LucaOne: Generalized Biological Foundation Model with Unified Nucleic Acid and Protein Language
LucaOne: Generalized Biological Foundation Model with Unified Nucleic Acid and Protein Language
He, Y.; Fang, P.; Shan, Y.; Pan, Y.; Wei, Y.; Chen, Y.; Chen, Y.; Liu, Y.; Zeng, Z.; Zhou, Z.; Zhu, F.; Holmes, E. C.; Ye, J.; Li, J.; Shu, Y.; Shi, M.; Li, Z.

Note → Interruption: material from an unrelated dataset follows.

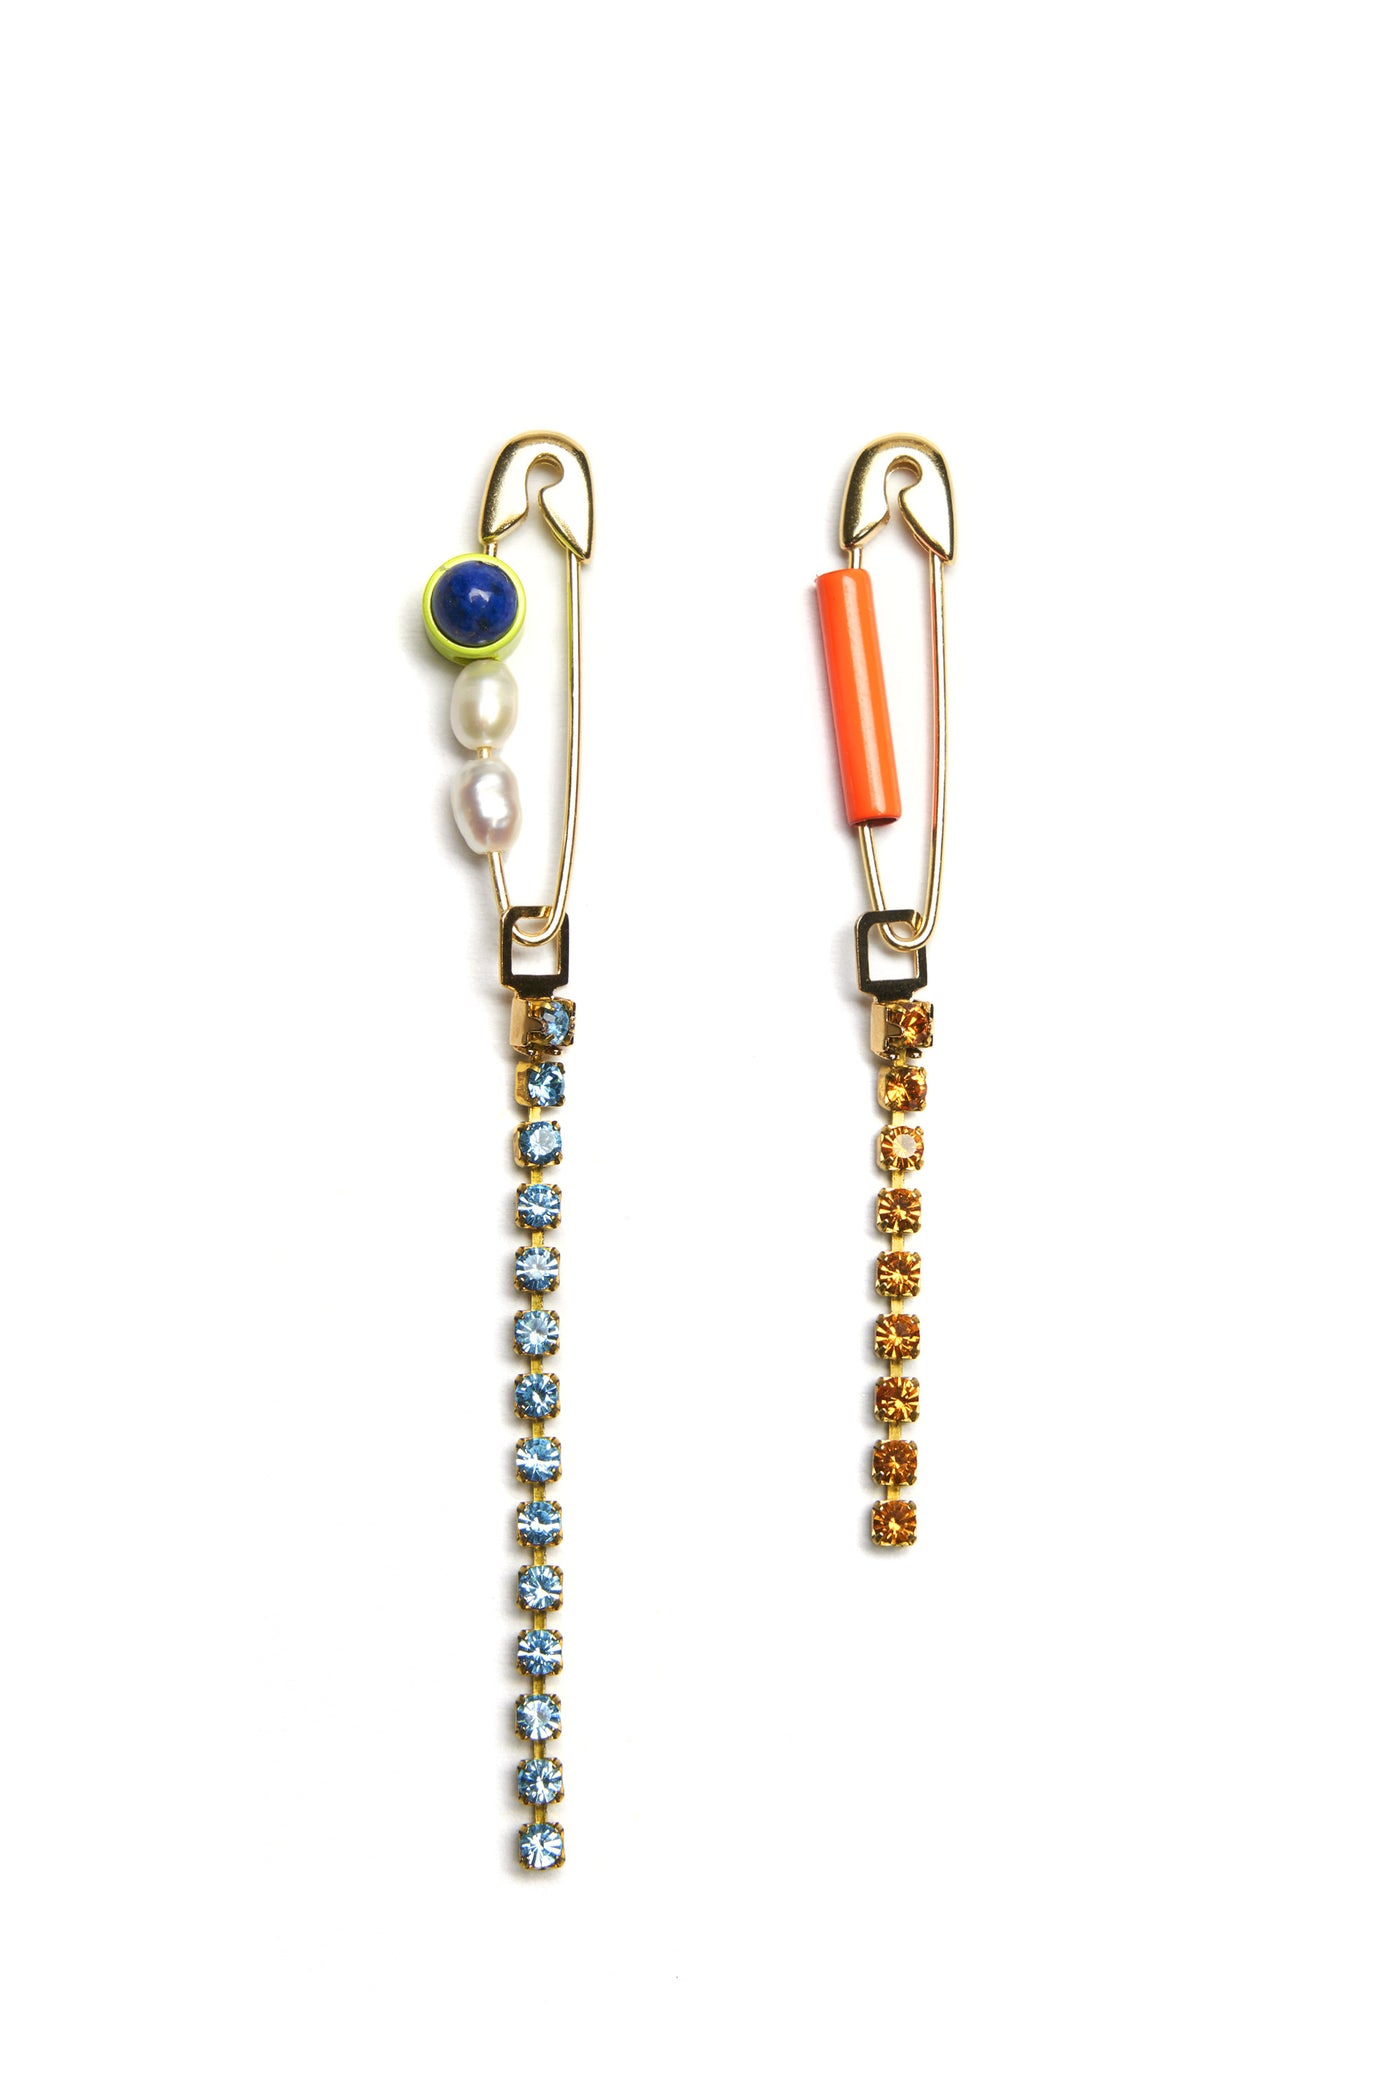 Bianca Mavrick Jewellery with Safety Pin Earrings Gold Lapis Lazuli Rhinestone Chain

AbstractIn recent years, significant advancements have been observed in the domain of NLP with the introduction of pre-trained foundational models, paving the way for utilizing similar AI technologies to interpret the language of biology. In this research, we introduce \"LucaOne\", a novel pre-trained foundational model designed to integratively learn from the genetic and proteomic languages, encapsulating data from 169,861 species encompassing DNA, RNA, and proteins. This work illuminates the potential for creating a biological language model aimed at universal bioinformatics application. Remarkably, through few-shot learning, this model efficiently learns the central dogma of molecular biology and demonstrably outperforms competing models. Furthermore, in tasks requiring inputs of DNA, RNA, proteins, or a combination thereof, LucaOne exceeds the state-of-the-art performance using a streamlined downstream architecture, thereby providing empirical evidence and innovative perspectives on the potential of foundational models to comprehend complex biological systems.